Mind-controlled robots have long been featured in science fiction, but thanks to new research in brain-computer interfaces (BCIs), they are no longer fiction.
BCIs are enabling thought-controlled external devices. BCIs are communication pathways between the brain and an external device that translate a person’s brain activity into a signal that controls the external device, such as a robot.
Researchers have been working on BCIs for quite some time, and they’ve delivered impressive results. In 2016, Battelle demonstrated the NeuroLife device which used machine learning, a sleeve of electrodes to stimulate selective muscles in the arm, and a chip implanted in the brain to enable a paralyzed man move his own arm. In 2014, researchers from Johns Hopkins Applied Physics Laboratory created mind-controlled robotic prosthetics for a double amputee. In this case, a targeted muscle innervation surgery reassigned nerves that once controlled the patient’s arm and hand, enabling the nerves to control the prosthetic devices.

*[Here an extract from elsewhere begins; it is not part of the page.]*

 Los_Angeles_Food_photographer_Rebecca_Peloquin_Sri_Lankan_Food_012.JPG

These breakthroughs have the potential to greatly improve the lives of paralysis patients and amputees. But these systems are specialized for each patient and the procedures are highly-invasive. What both of these amazing feats of engineering and science have in common is that they required the patient to undergo surgery. Every surgery has associated risks and is potentially dangerous to the patient.
Steps are also being taken to reduce the surgical intervention required. Elon Musk’s company, Neuralink, is working on a less-invasive BCI which replaces chips in the brain with “threads”. He shared some of the details behind the proposed system, including a sewing-machine like a robot that would insert the threads into the patient’s brain.

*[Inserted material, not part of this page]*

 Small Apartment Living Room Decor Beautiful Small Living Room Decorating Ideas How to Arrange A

For now, surgery would still be required. According to The New York Times, “The company says surgeons would have to drill holes through the skull to implant the threads. But in the future, they hope to use a laser beam to pierce the skull with a series of tiny holes.”
Non-invasive techniques have been developed, but only provided limited control of the external devices, typically a robot. The systems couldn’t access enough of the brain’s signals to offer reliable operation. Now, researchers from Carnegie Mellon University (CMU) and the University of Minnesota have developed a non-invasive BCI system that smoothly controls a robotic arm in real-time.
According to Design Engineering, “BCIs without brain implants are less complicated and dangerous to install but typically produce sloppier control. The Carnegie Mellon team says the enhanced accuracy and responsiveness of their non-invasive system could hold great promise for paralyzed patients or those with severe motor limitations.”
The team recently published their research in Science Robotics.
In order to achieve smooth operation of the robotic arm, the BCI must be able to reliably read (sense) and decode sufficient neural signals from the patient. The CMU team used electroencephalography (EEG) as a sensing method: The study participants wore a cap that monitored their EEG signals.
For the “brain” side of the BCI equation, they trained 33 able-bodied participants with the system for the study. For the “computer” side, the team utilized machine learning to account for differences in each participants’ skill level.
Decoding the EEG signals was key to the study’s success. The team used electrical source imaging (ESI), a technique that uses the electrical proportions and geometry of each participant’s head. For ESI, the MATLAB-based Brainstorm toolbox (available for download here) used the MRI data from each participant along with the EEG electrode locations to improve the neural decoding. The signal processing was then completed with custom MATLAB scripts.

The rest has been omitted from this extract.